Signs also say the company owes $16 million in taxes: $9.2 million to Thornton for sales and use taxes and $6.7 million to Adams County for property taxes.

The eviction caps off a tumultuous year for Boulder-based Meati, which was founded in 2017 and raised $450 million in venture capital before selling for pennies on the dollar last year.

In early March, the company said an unspecified bank repossessed two-thirds of its cash, leading to then-CEO Phil Graves warning the company’s 150 employees that Meati was at risk of closing. That led to an assignment for the benefit of creditors, or ABC, a state-level process akin to bankruptcy, which began in May.

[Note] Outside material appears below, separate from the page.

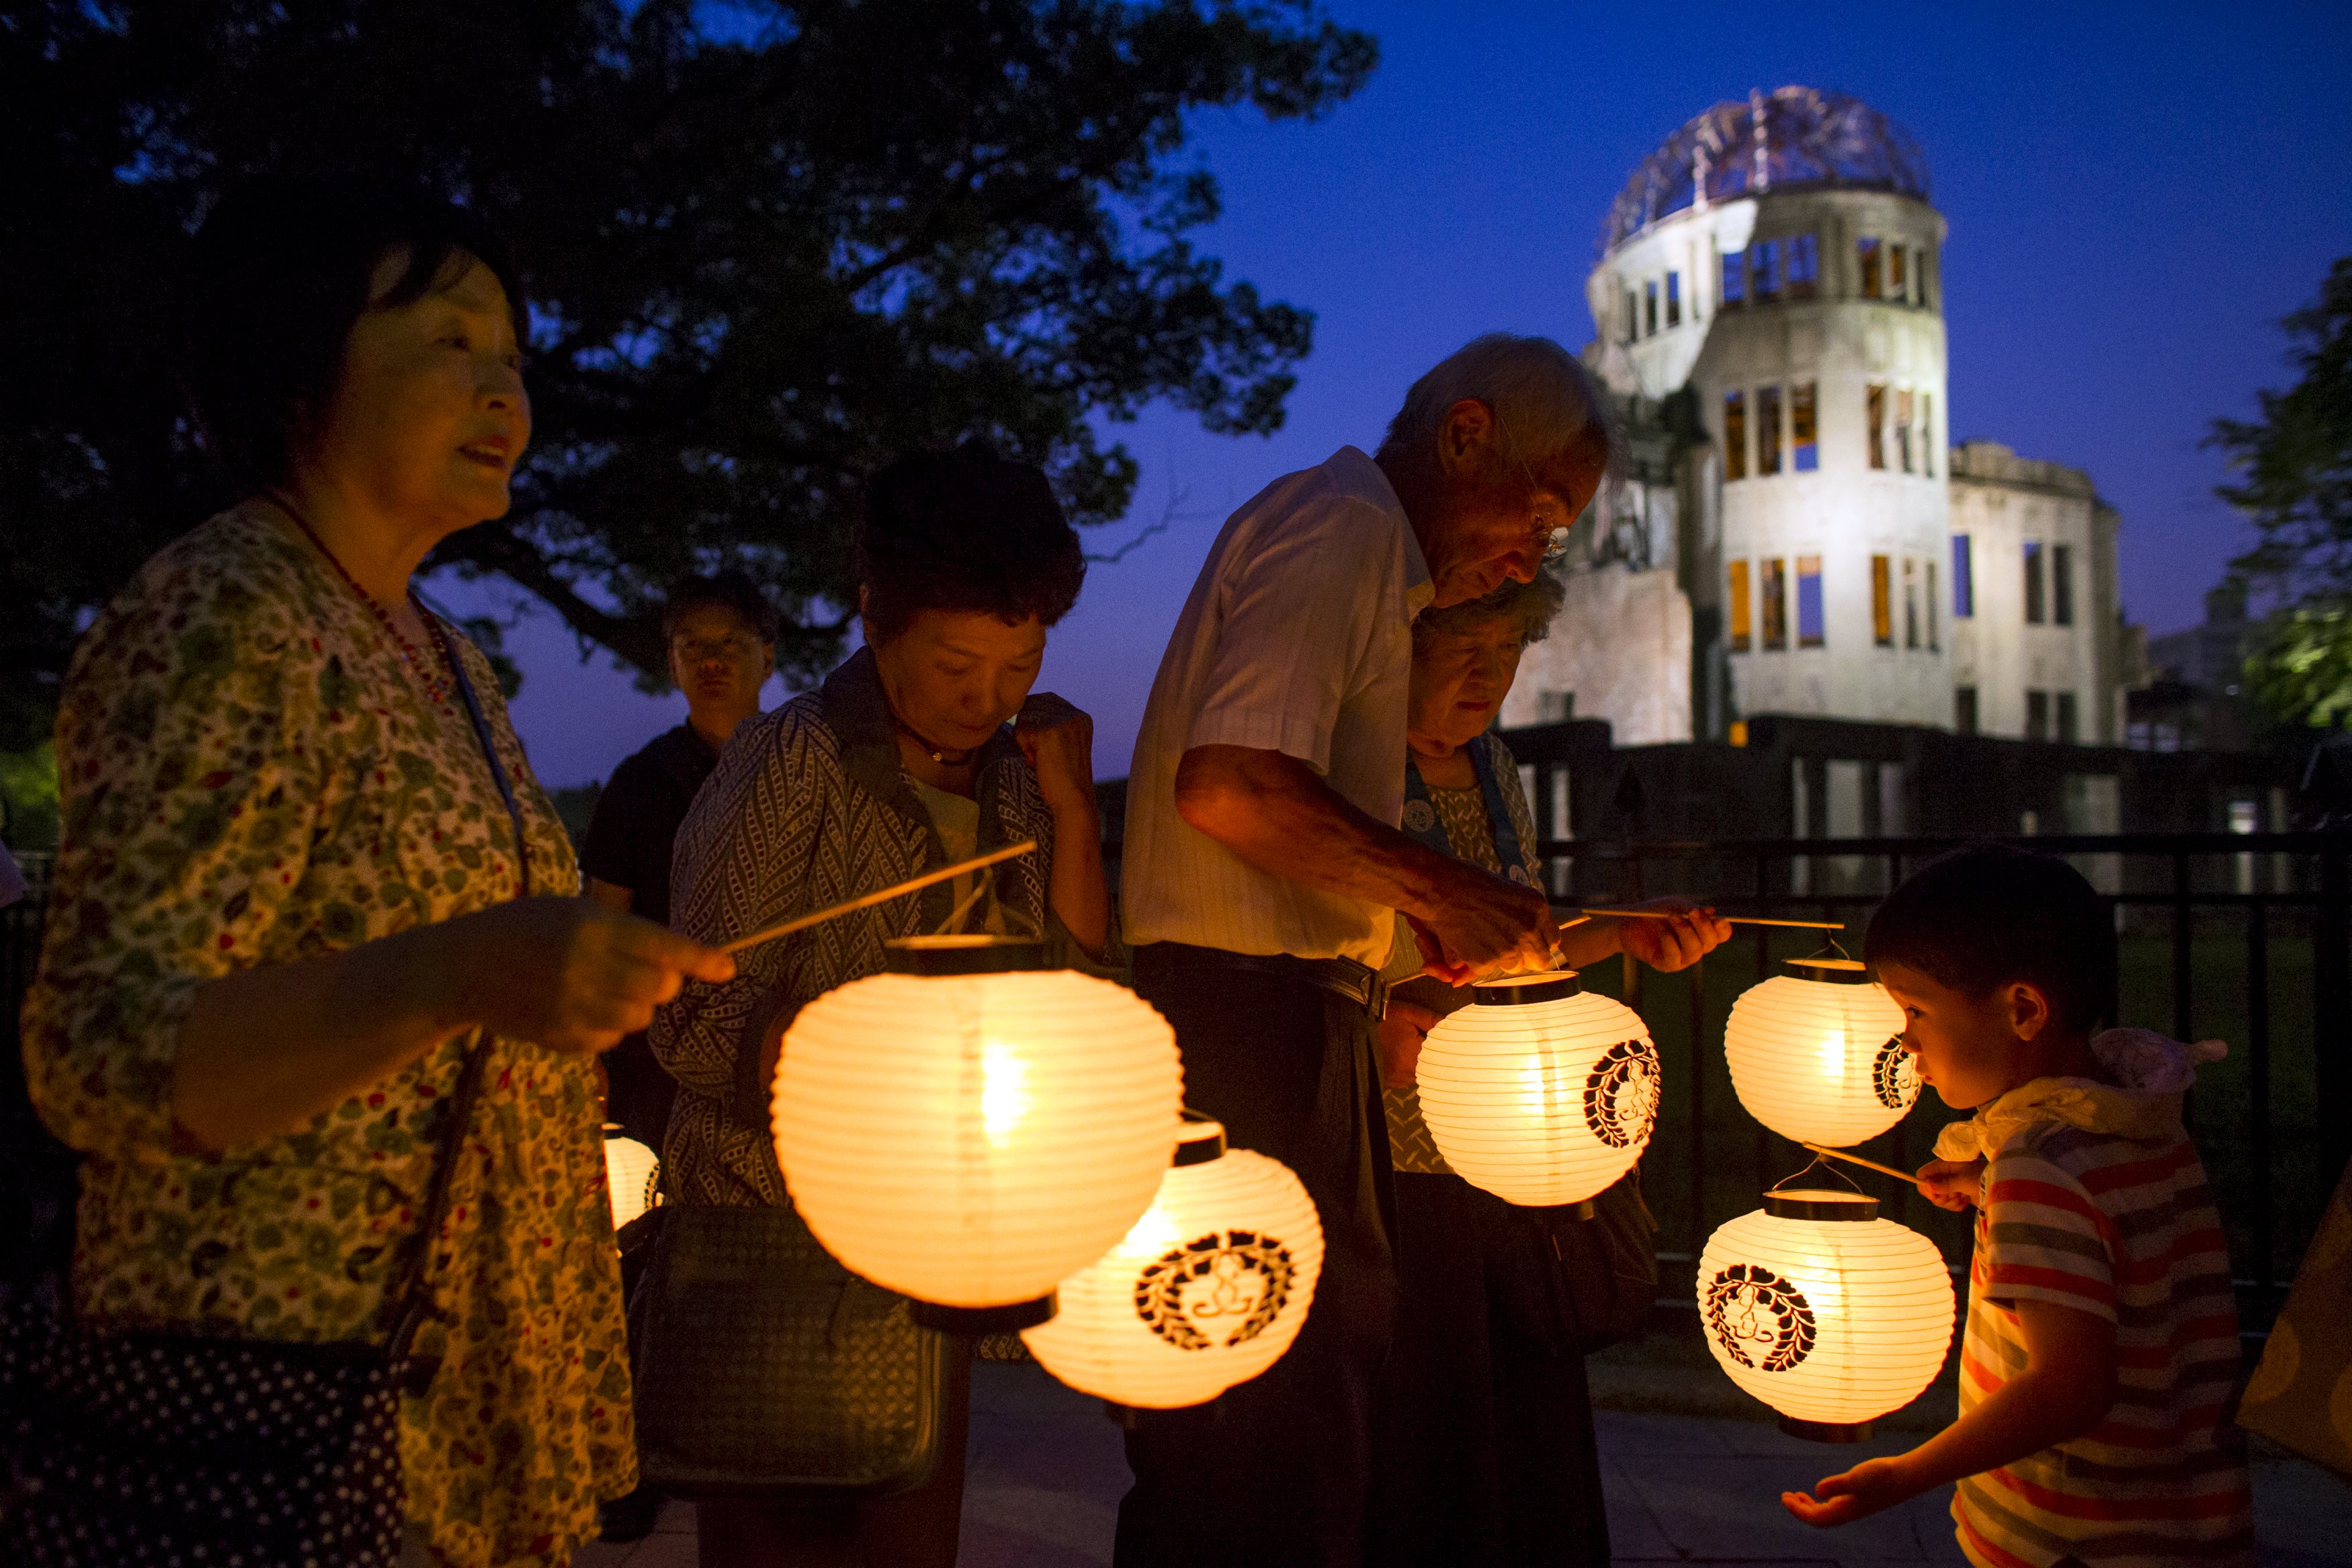 US President Obama’s visit to Hiroshima should be viewed positively

Out of that, Yasir Abdul, the man behind “As Seen on TV” marketing, purchased the company through the entity Meati Holdings. According to the bill of sale, which BusinessDen obtained through a public records request, Abdul paid $10,000 plus the debt owed to lender Trinity Capital Inc.

That figure sat at $13.5 million, according to court documents filed in May. According to the document, Abdul also assumed “existing and unpaid tax liens,” though it did not specify a number. Previous court filings said the purchase price was $4 million, though it is unclear where that figure comes from.

Although the deal didn’t close until the end of October, Abdul has been running day-to-day operations at Meati since mid-May, according to court filings.

Meati’s troubles with the property and local landlord Sagard Real Estate predate Abdul’s purchase.

In April 2024, Sagard sent Meati a notice of default letter saying the company owed $52,689 in rent. By March 2025, that number had ballooned to $232,738 as a result of more missed payments, court documents show.

Last May, Sagard sent a letter to Aaron Garber, the attorney assigned to manage the company through the ABC process, saying it would exercise its right to terminate the lease. The month after, it ordered Meati to vacate the plant by June 25. When that didn’t happen, Sagard took Meati to court, eventually leading to the eviction.

Abdul and Meati did not respond to a request for comment from BusinessDen.

It is unclear how the company plans to move forward without its lone manufacturing facility, which it leased in 2021 and opened for production in 2023. The property is being marketed for lease.

Michael Silva, the tax audit and compliance chief for Adams County, said the county just hired an auctioneer to take stock of Meati’s assets, which include manufacturing equipment and furniture. Those items will be up for bidding within 180 days, Silva said.

According to the bill of sale, Meati had $150 million in fixed assets as of April 29 – a list that includes some of the categories Silva mentioned.

A copy of Meati’s lease obtained by BusinessDen shows that the company initially paid $90,804 a month, or $9.50 a square foot, for the Thornton facility, with rent increasing 2.5% a year. The lease expired in 2032.

‘Mr. Abdul gave Meati Foods a lifeline, and with that comes change’

In the months leading up to the eviction and equipment seizure, Abdul had been making moves at Meati.

According to industry trade publication AgFunderNews, Abdul laid off members of Meati’s production team in the fall following weeks of payroll glitches.

In response to the reports, Abdul and Meati issued a news release Nov. 11 outlining his vision for the company. It was the first time he or the company made public statements since the ABC process started.

He said the layoffs were a result of the “strict financial discipline” he implemented after discovering previous ownership spent $6.7 million a month to keep Meati afloat. He added that several people had been hired by other companies in his portfolio.

“Mr. Abdul gave Meati Foods a lifeline, and with that comes change,” Renee Towell, Meati’s director of communications, said in the release.

She did not respond to a request for comment from BusinessDen.

“Not everyone will be happy,” she continued, “but (Abdul’s) corporate restructuring is solely based on keeping the company going and creating jobs.”

Abdul also said in the release that he had put $14.2 million into the company since assuming operations in May. He said Meati will extend its product line and is “preparing for a complete rebranding” this year. The release did not give any more specifics on what that will look like.